- **GIVEN MATERIAL**
========================================================================

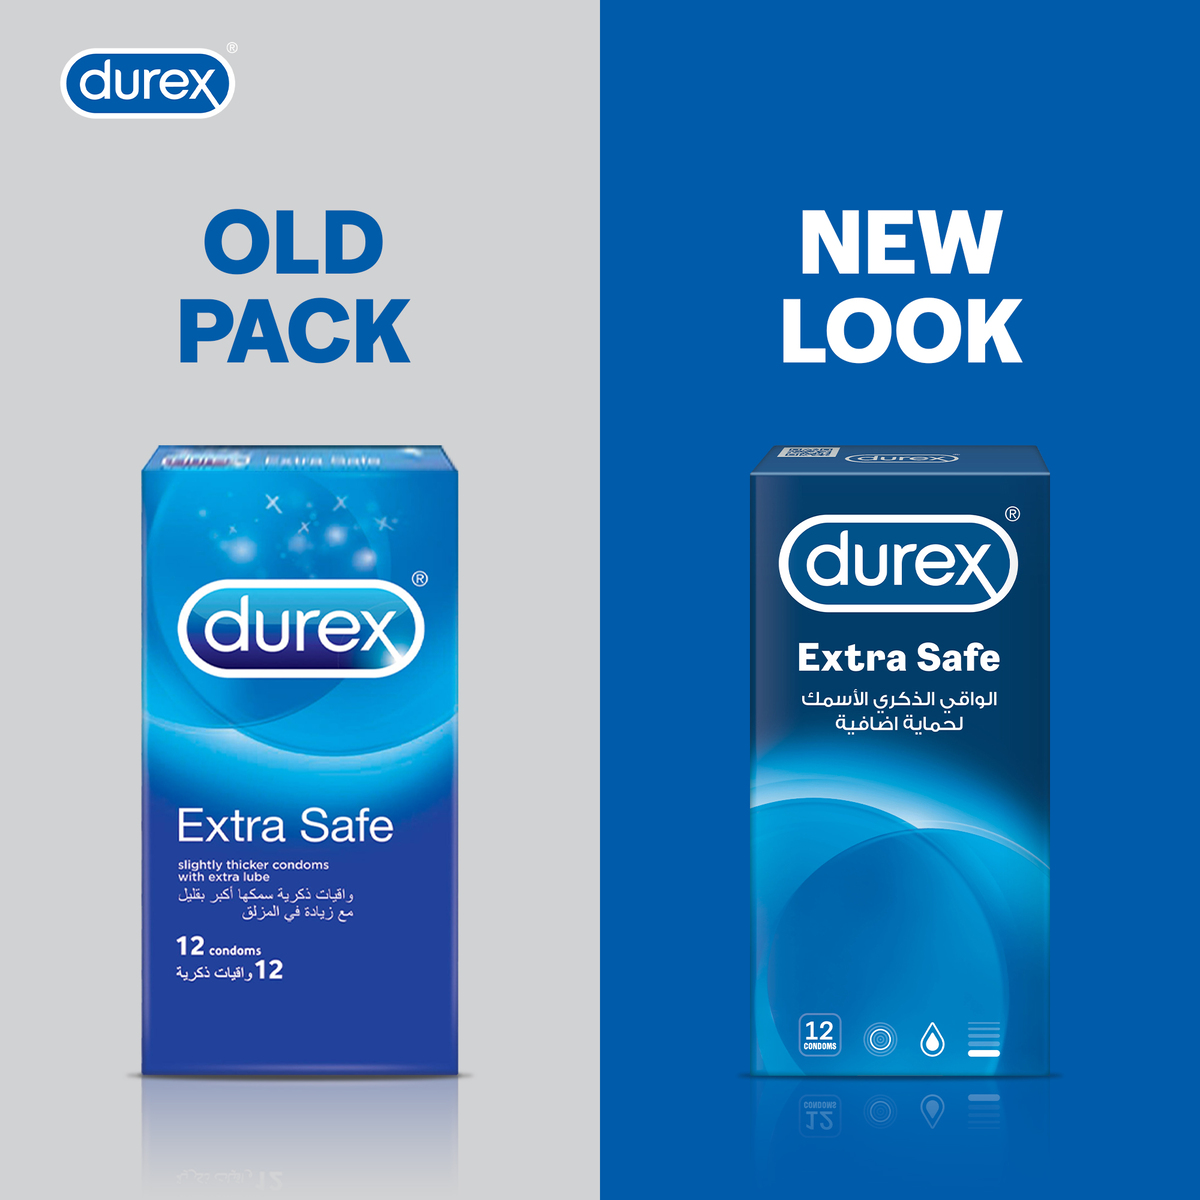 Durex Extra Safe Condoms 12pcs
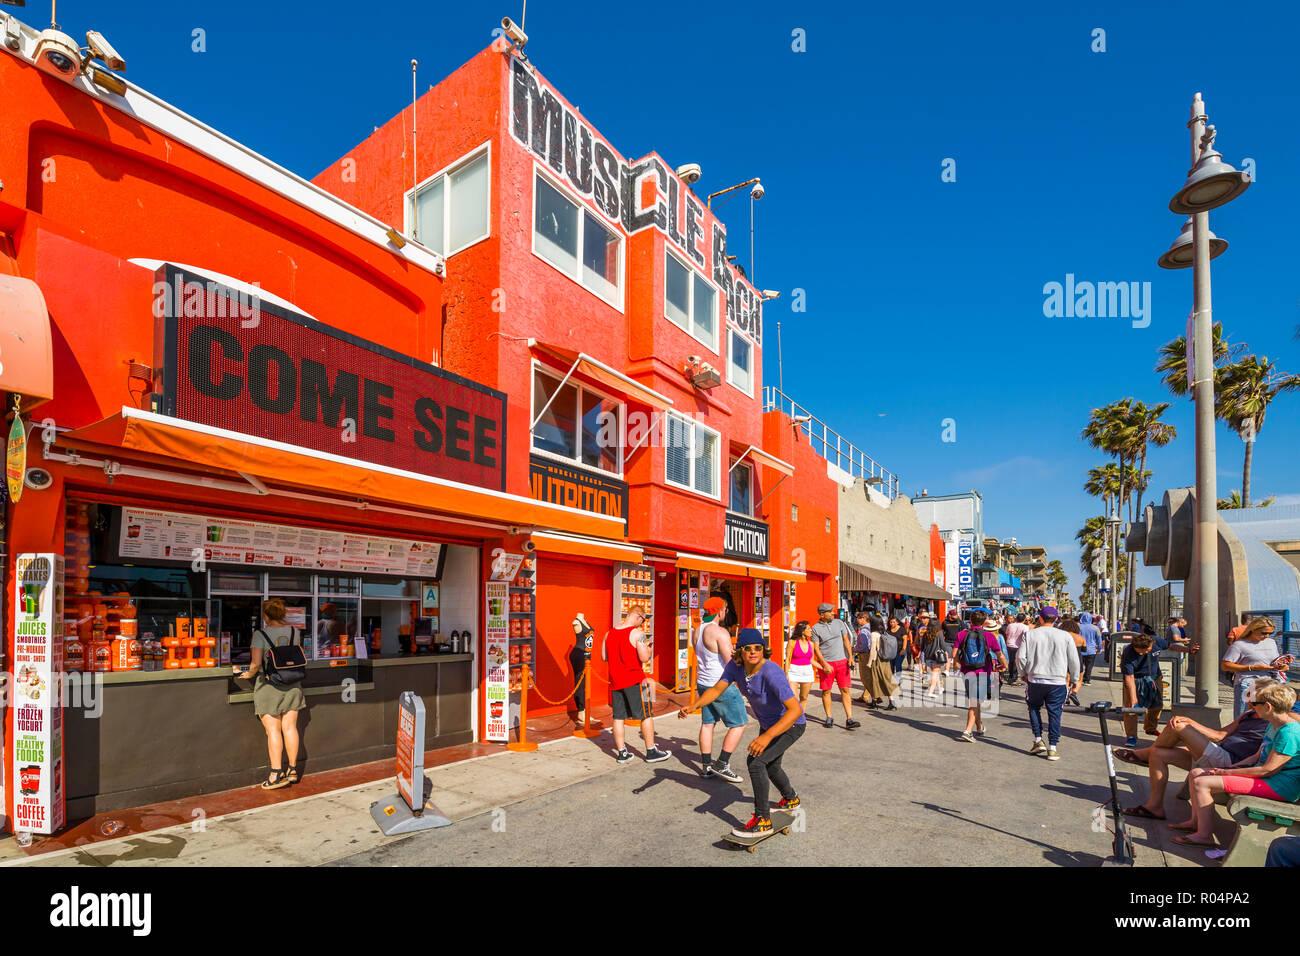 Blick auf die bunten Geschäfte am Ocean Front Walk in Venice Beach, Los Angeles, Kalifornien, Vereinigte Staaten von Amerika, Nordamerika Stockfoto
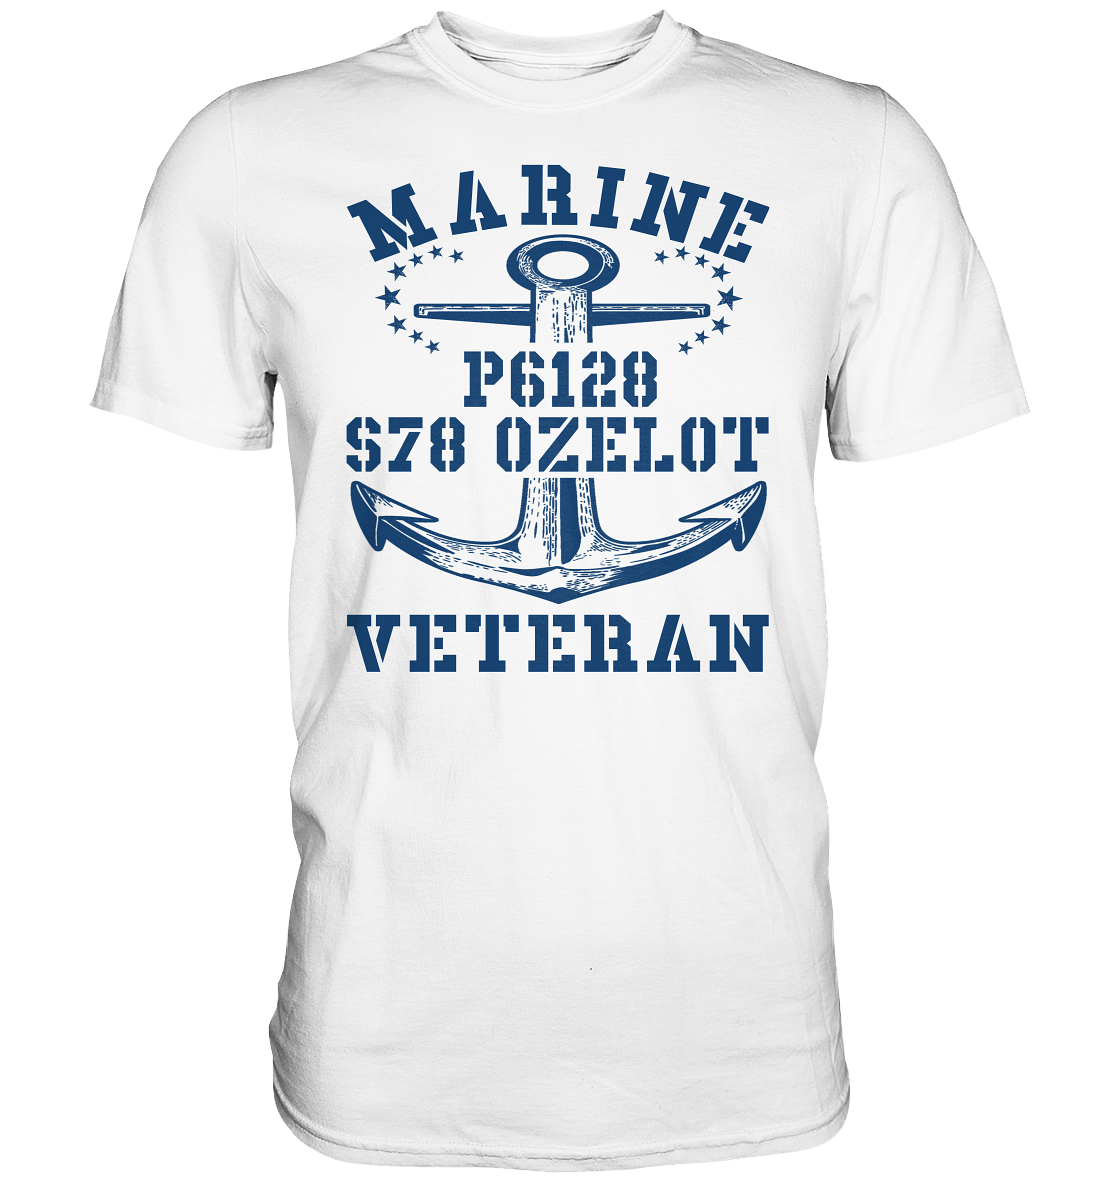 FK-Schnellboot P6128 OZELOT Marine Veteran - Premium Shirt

========================================================================

- **WORK TASK**
Please set down the whole listing above exactly and skip every picture.

- **SOLUTION**
 Durex Extra Safe Condoms 12pcs
 Blick auf die bunten Geschäfte am Ocean Front Walk in Venice Beach, Los Angeles, Kalifornien, Vereinigte Staaten von Amerika, Nordamerika Stockfoto
 FK-Schnellboot P6128 OZELOT Marine Veteran - Premium Shirt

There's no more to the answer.